Exercise data Start Marker

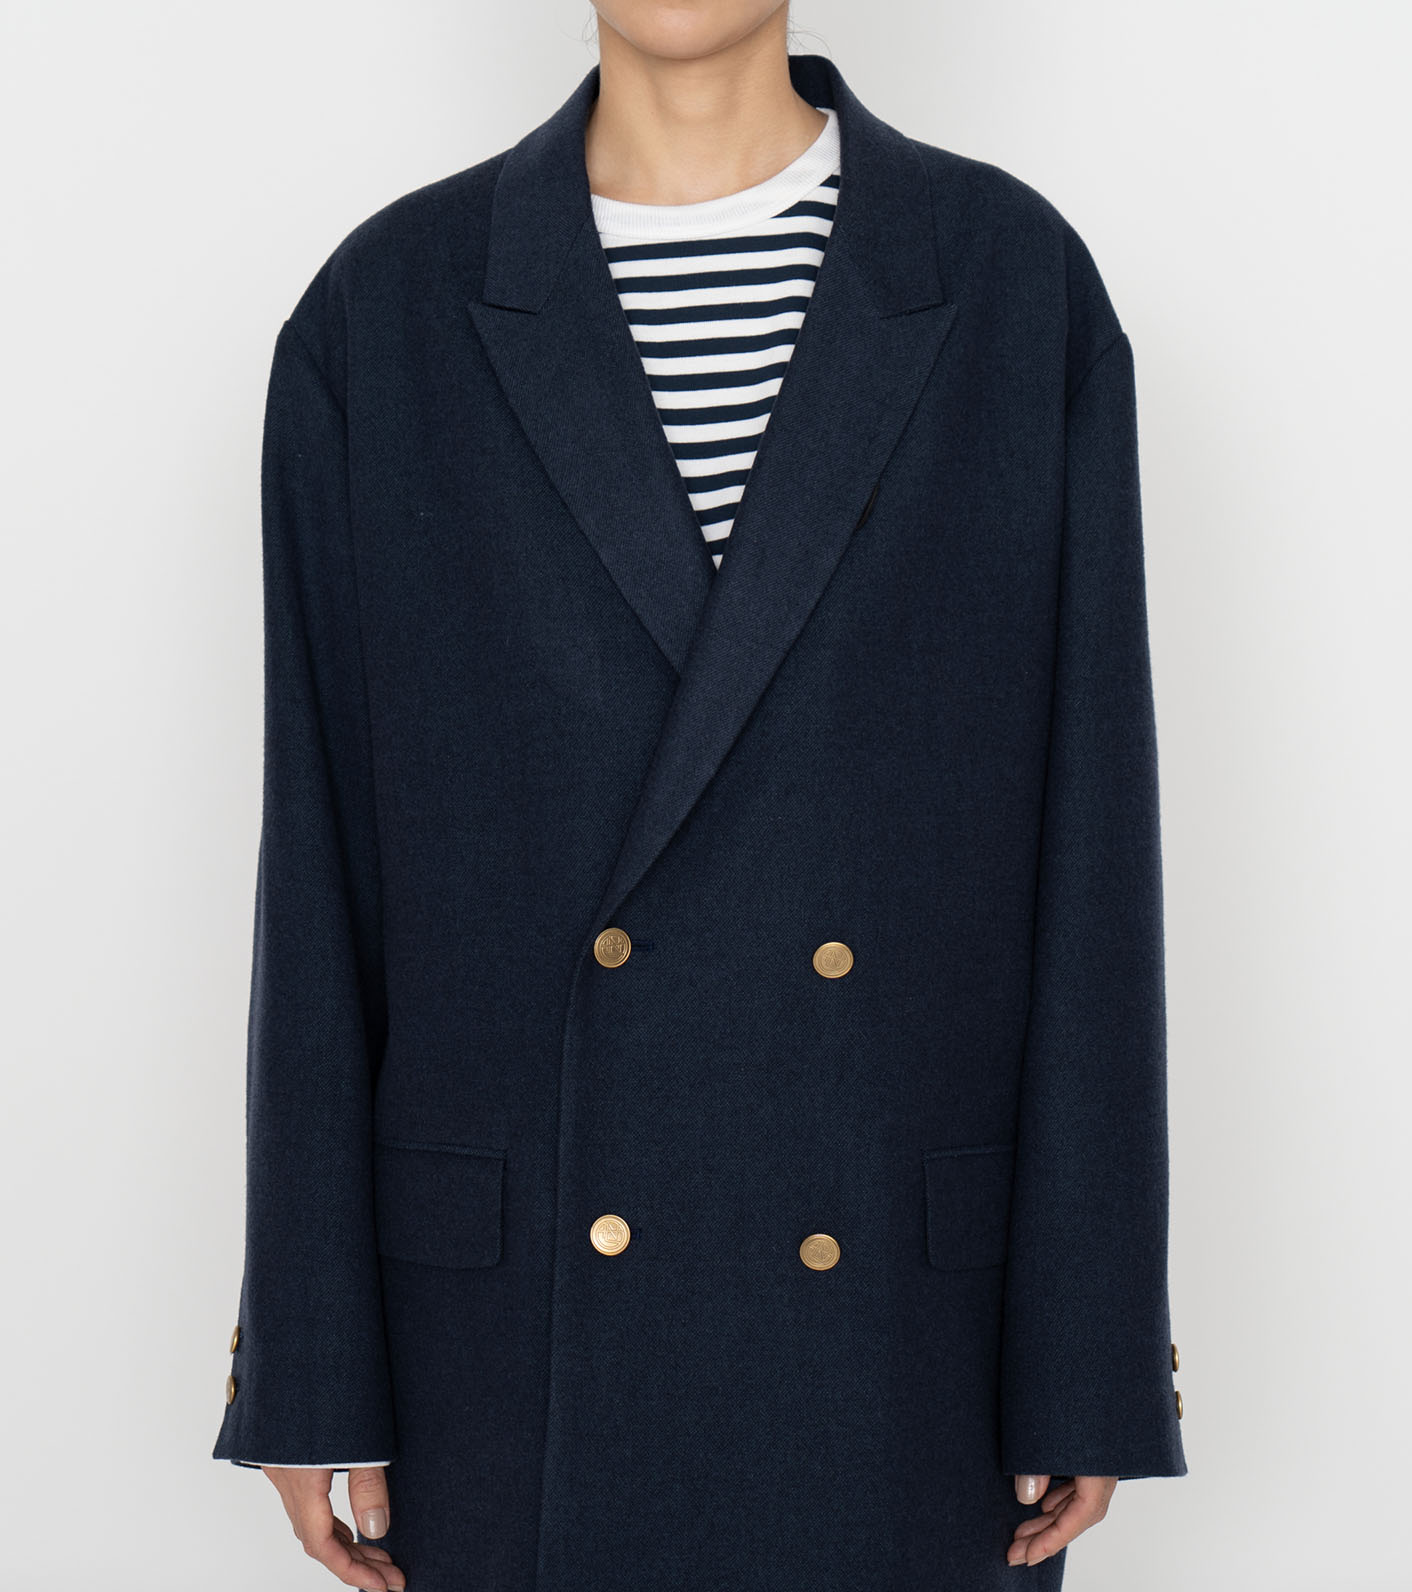 nanamica / Wool Double Breasted Jacket
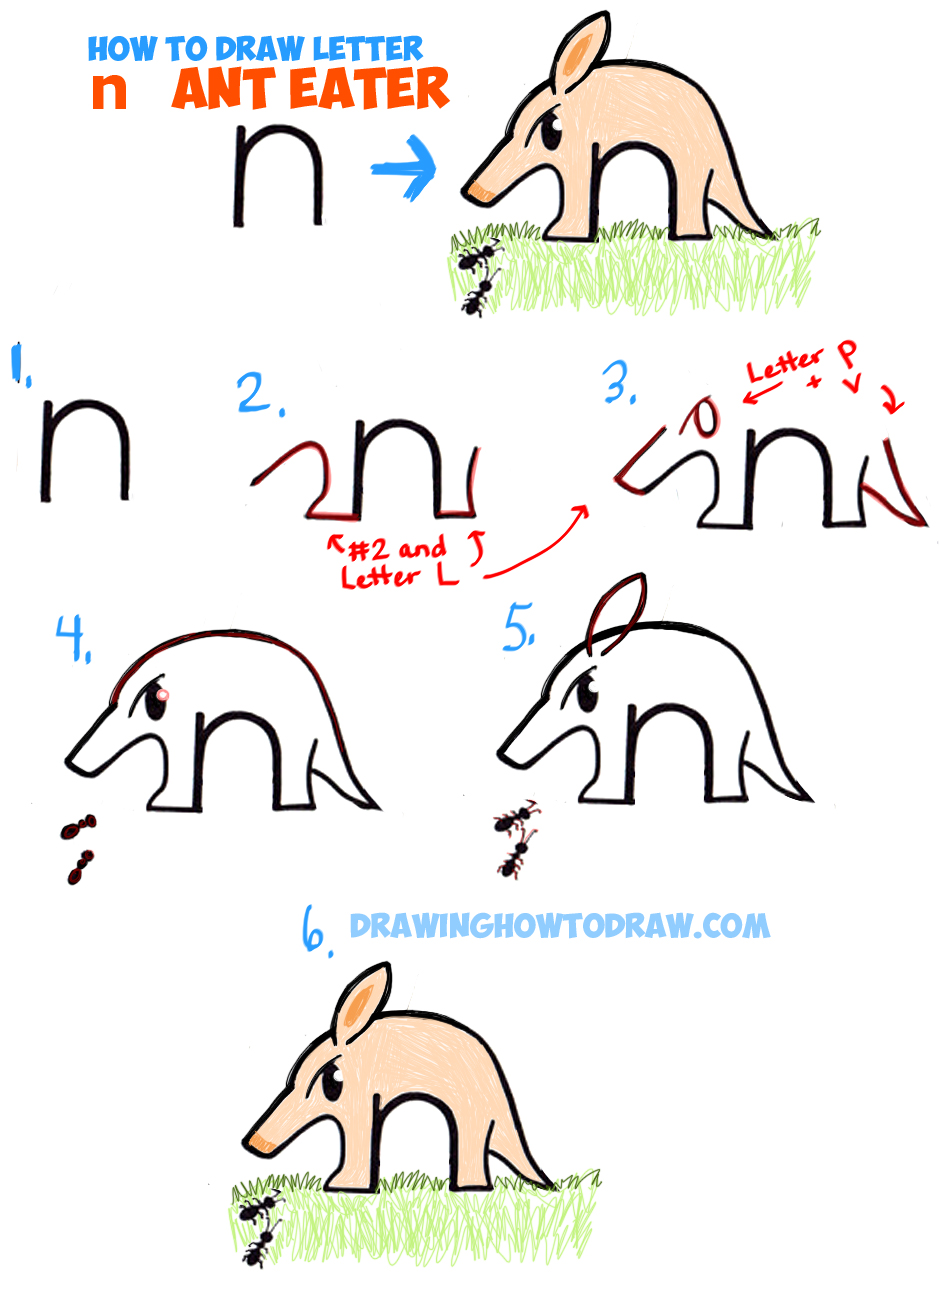 Learn How to Draw Cartoon Anteater from Lowercase Letter n - Simple Step by Step Drawing Tutorial for Kids
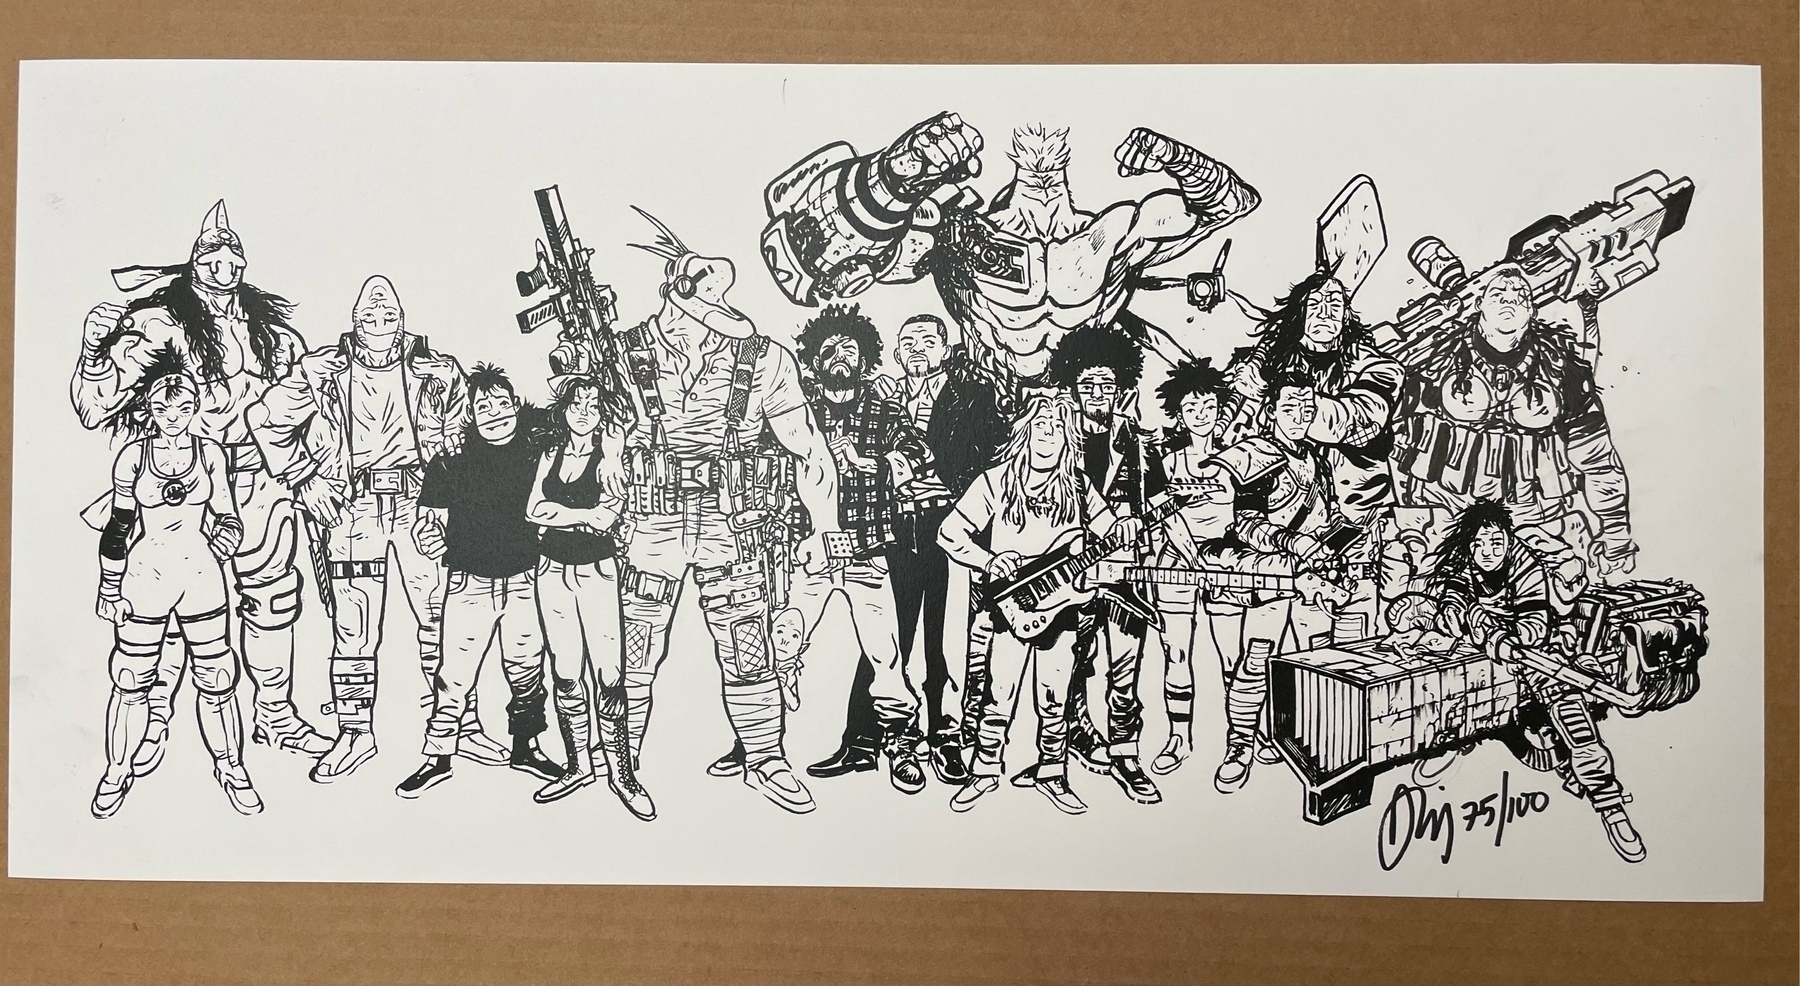 "The Worlds of Daniel Warren Johnson" black and white print with a commissioned Meshiba character sketch
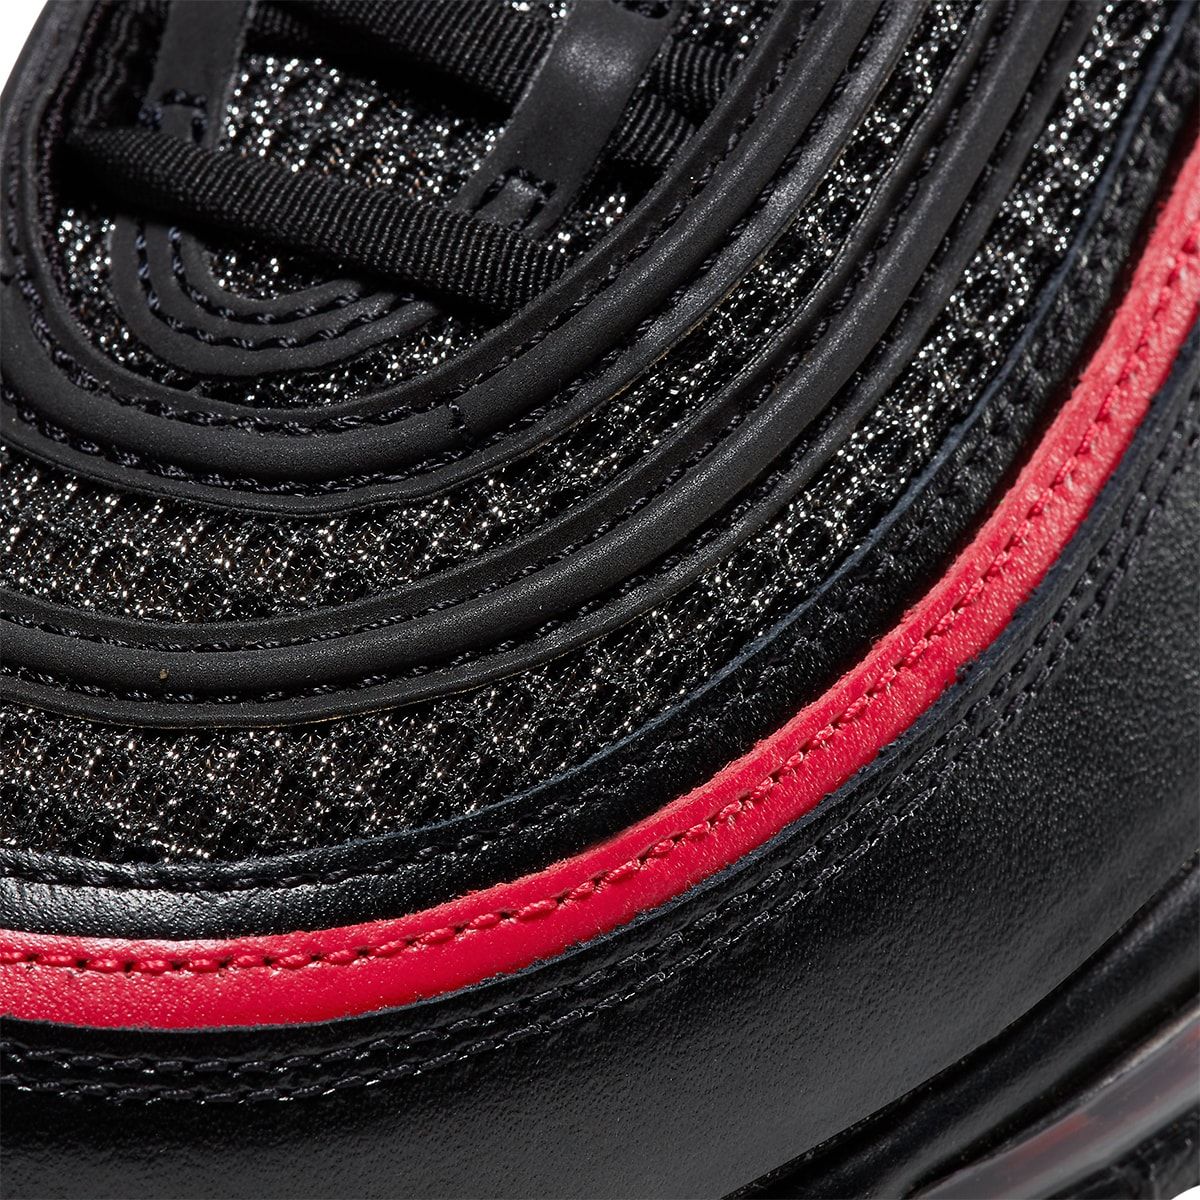 air max 97 valentine's day 2020 release date
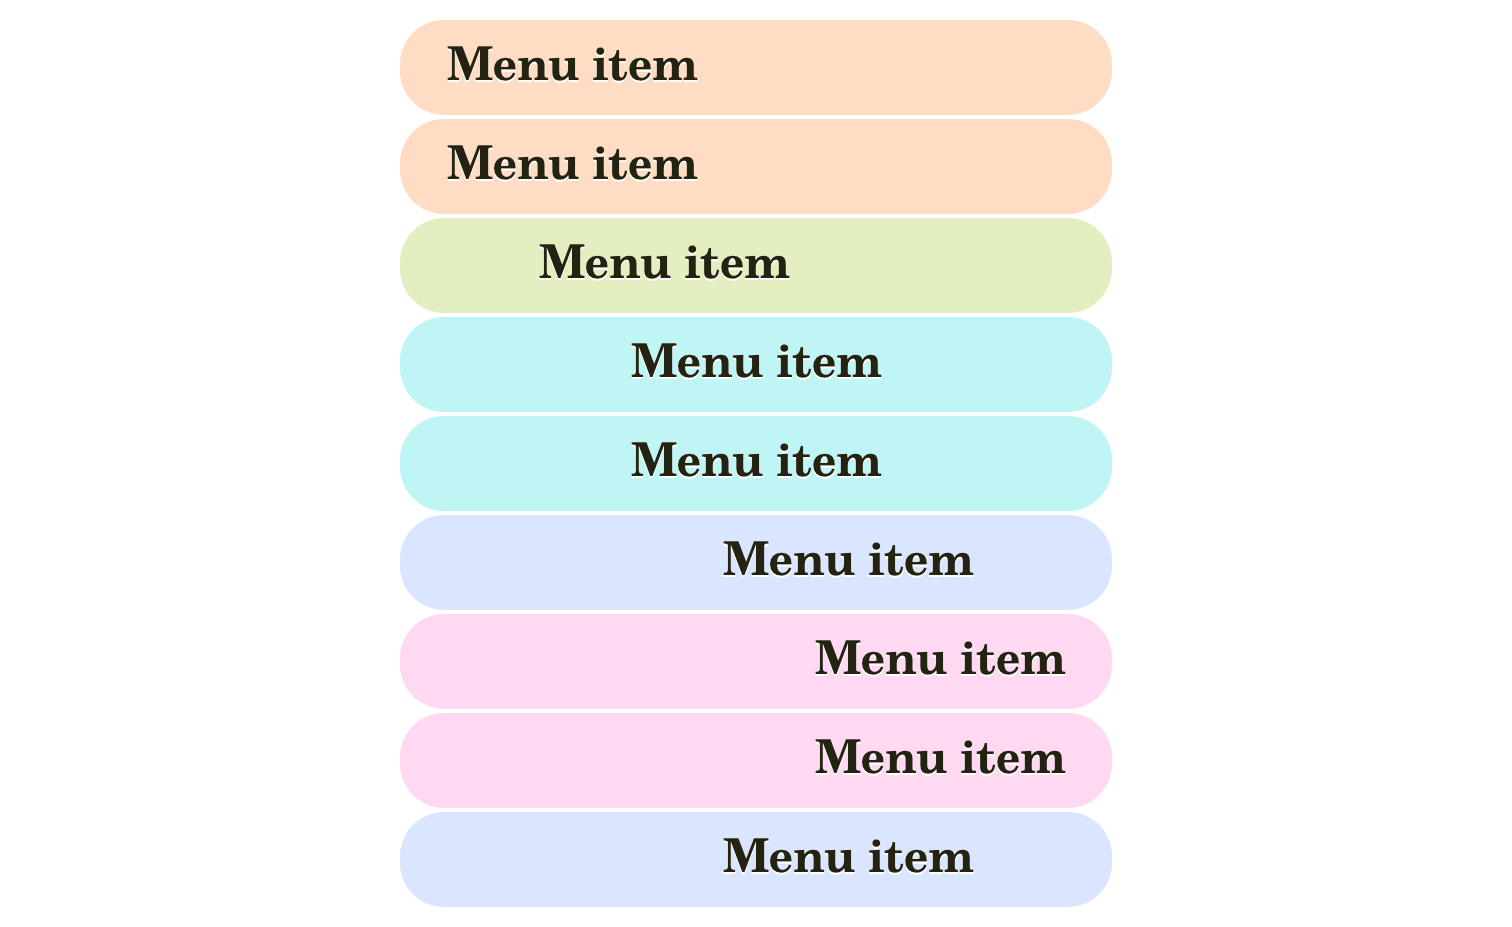 A screenshot of an example, showing a menu with nine elements, each with “Menu item” text, in five levels of nesting, with background going from red to purple based on it, and with the left padding increasing with each level of nesting.

Exercise data End Marker

**Exercise instructions**
Please output the entire listing above verbatim and omit its images.

**Solution**
 nanamica / Wool Double Breasted Jacket
 Learn How to Draw Cartoon Anteater from Lowercase Letter n - Simple Step by Step Drawing Tutorial for Kids
 "The Worlds of Daniel Warren Johnson" black and white print with a commissioned Meshiba character sketch
 air max 97 valentine's day 2020 release date
 A screenshot of an example, showing a menu with nine elements, each with “Menu item” text, in five levels of nesting, with background going from red to purple based on it, and with the left padding increasing with each level of nesting.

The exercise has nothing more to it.